Supercapacitors can be used as a backup power supply in the event of an outage to allow a proper shutdown sequence. Smartphones use supercaps for battery backup, real time clocks and camera flash. Smart meters use supercapacitors as back-up power supplies. USB products might use them for peak power assist. Supercapacitors are often used in solar systems, sensor networks, in energy harvesting applications and as zero watt standby electricity for computer monitors. With supercaps, monitors and other electronics require no electricity at all in idle or standby mode, providing the minimum power necessary to intercept the wake-up signal and initiate a wake-up sequence for the microcontroller. This set-up is referred to as zero-watt standby. Automatic water faucets use supercapacitors, with water flow for power generation in the next recharge cycle.
Supercapacitors are ideal for remote, wireless or battery powered products, which fit in the Internet of Things (IoT). The small size of micro-supercapacitors doesn’t hurt, either. IoT devices are smart sensors that provide data about themselves or their environment over the internet as contribution to an overall smarter process and is enabled by machine-to-machine communication between devices.
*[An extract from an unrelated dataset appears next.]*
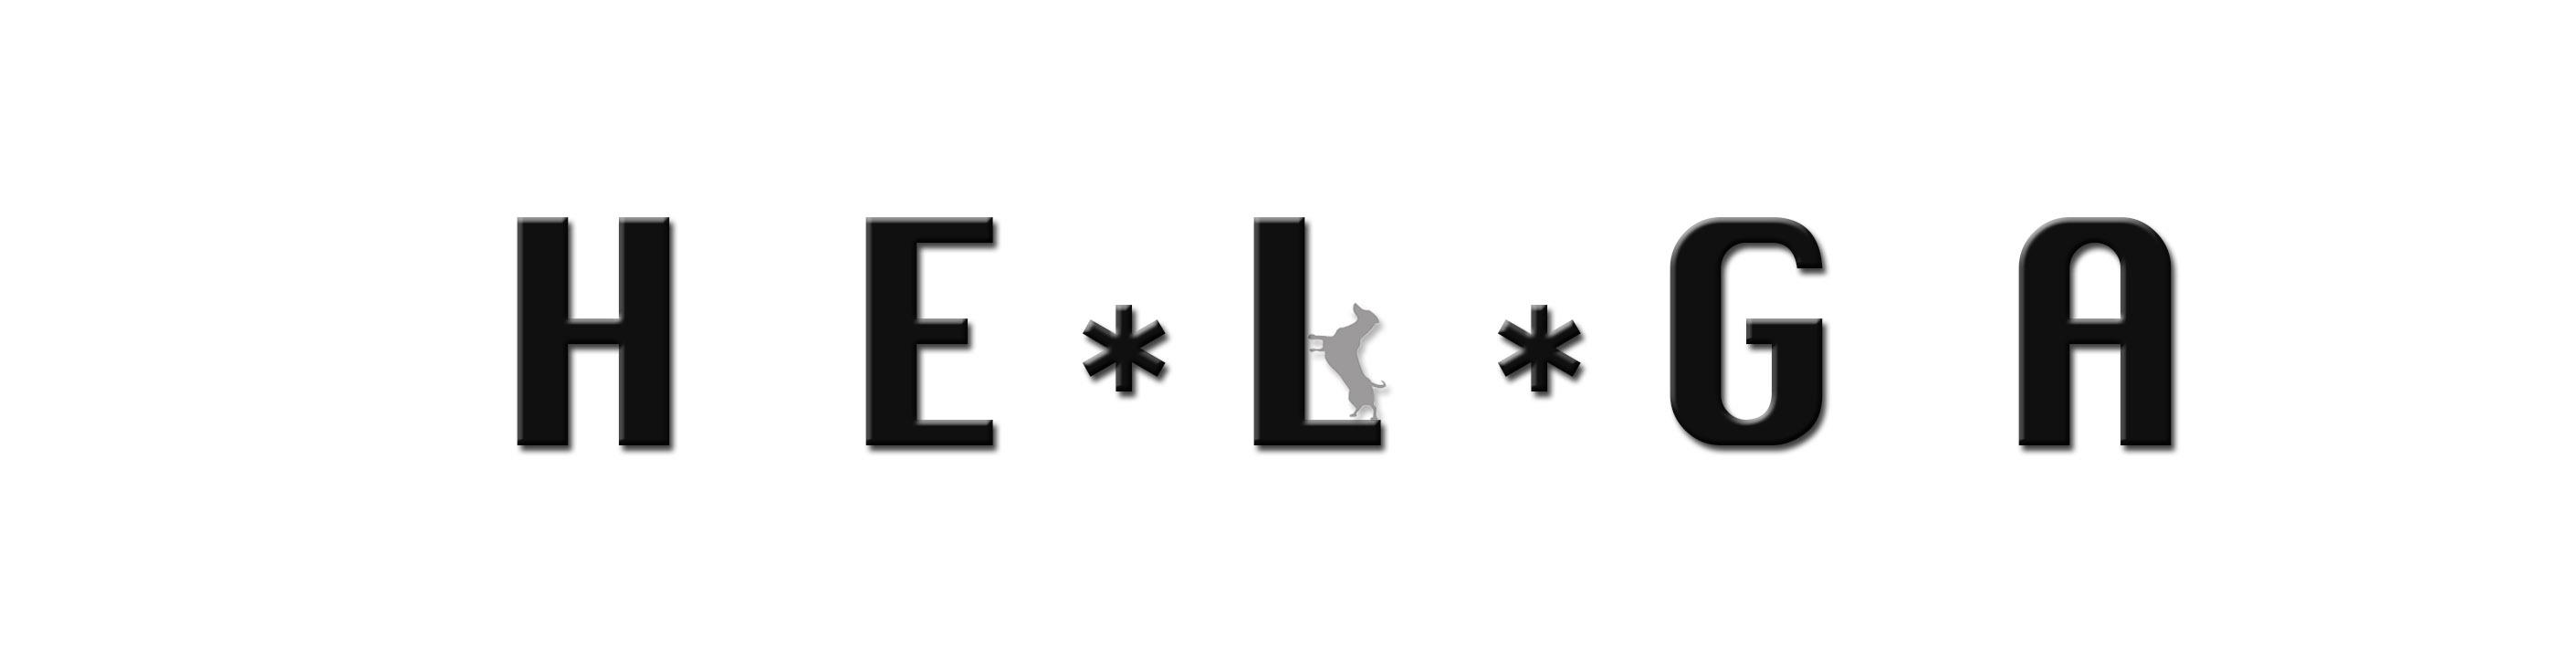 Helga From Sweden Logo

IoT devices can take action without human intervention, although humans set up, monitor, and ultimately control IoT networks.
Until recently, supercapacitors were relegated to fairly mundane applications such as internal battery backup and memory protection, but in the last few years have expanded significantly into smartphones, hybrid and electric vehicles, and energy harvesting. Technology promises to replace more rechargeable batteries with supercapacitors soon.